- Born: Marjorie Anthony October 10, 1935 Mill Village, Nova Scotia
- Died: April 1, 2013 (aged 77) Malibu, California
- Other names: Marge Anthony
- Occupations: broadcaster, media executive
- Spouse: Allen Linden ​ ​(m. 1984; d. 2013)​

= Marjorie Anthony Linden =

Canadian broadcaster and media executive (1935 – 2013)

Marjorie Anthony Linden (October 10, 1935 – April 1, 2013) was a Canadian broadcaster and media executive. She achieved multiple "firsts" for women in broadcasting, including being the first all-night woman disc jockey in Montreal, the first woman vice-president in the Canadian television industry, and the first female president of the Broadcast Executive Society.

Born in Mill Village, Nova Scotia, she was one of eight children of Barbara, who died when Marjorie was three years old, and Roy Anthony, a plumber. She was raised by an elder sister and various housekeepers. An entertainer from an early age, she sang and tap-danced on a local radio station at age thirteen. Although interested in studying to become a nurse, she took a job as a script assistant, commentator, and singer at CBC-TV in Halifax. She moved to Montreal at age 24, and was a nightclub singer at the Ritz Carlton Hotel. Her sound was similar to that of Doris Day, and she recorded the album Marge Anthony Sings. She then worked at CKGM as a commercial writer, but soon became their all-night disc jockey. Later, she returned to television to be a commentator and a weather reporter at CFCF-TV.

She moved to the United States to further her career, and was a producer at the NBC affiliate in Houston. Her works there included Furnishings of the White House, and A Texan Visits the White House featuring Lady Bird Johnson. She moved to work in Hollywood in the 1960s, and became vice-president, artist relations, for the company handling the Smothers Brothers.
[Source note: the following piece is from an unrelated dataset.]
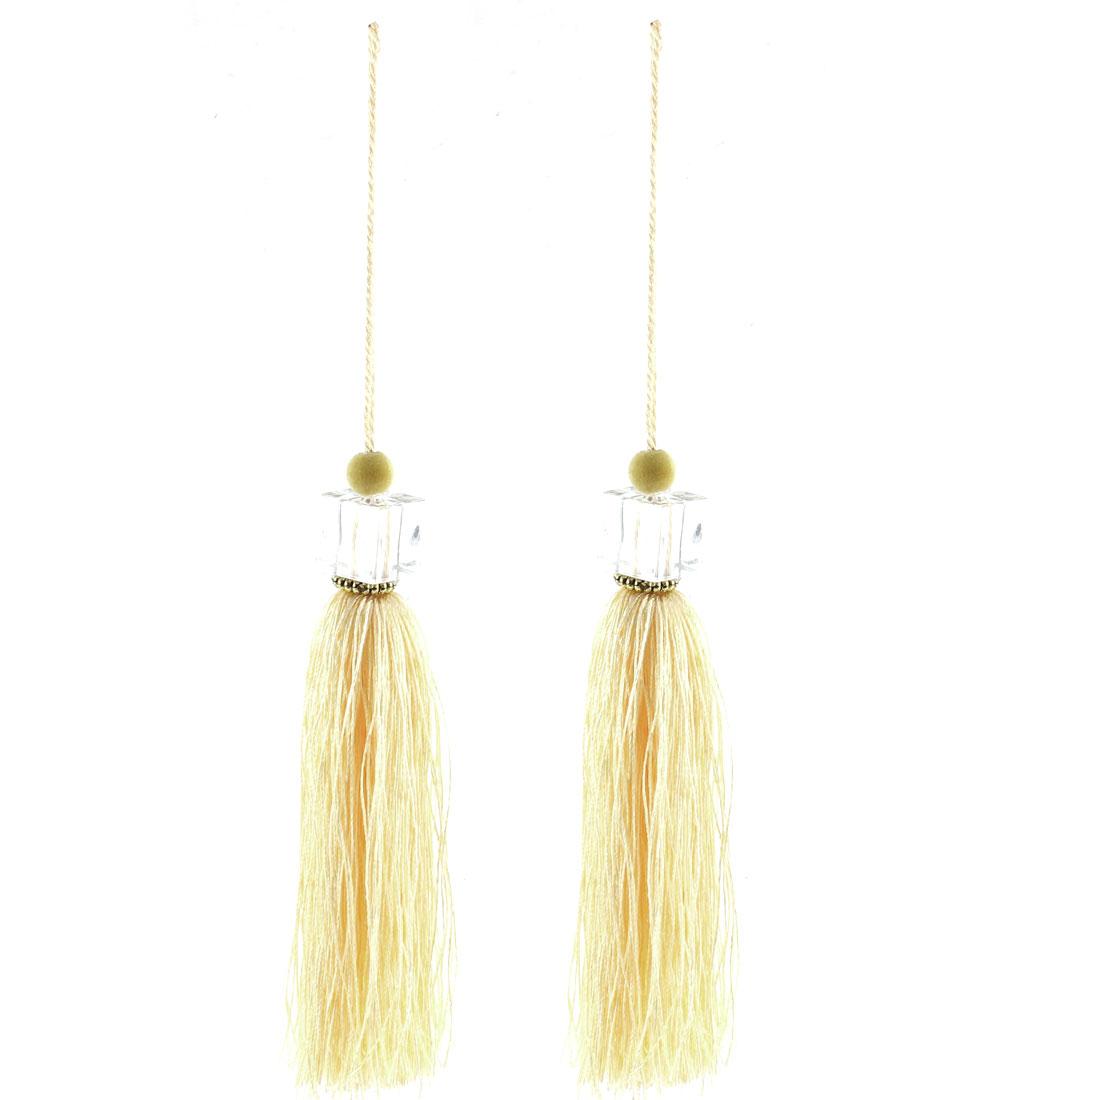 2Pcs Silky Tassels Pendant Sewing DIY Craft Supply Curtain Drapery Deco Light Yellow

Then she worked in New York at CBS Records, with such artists as Kenny Rogers, Barry Manilow, and Nana Mouskouri. She also oversaw a world tour and two television specials for Neil Diamond. She returned to work for the Smothers Brothers in California, this time as their personal manager.

In 1978 she returned to Canada, in various jobs at CTV including publicity and public relations for the Calgary Olympics. She served as vice-president of network relations for CTV.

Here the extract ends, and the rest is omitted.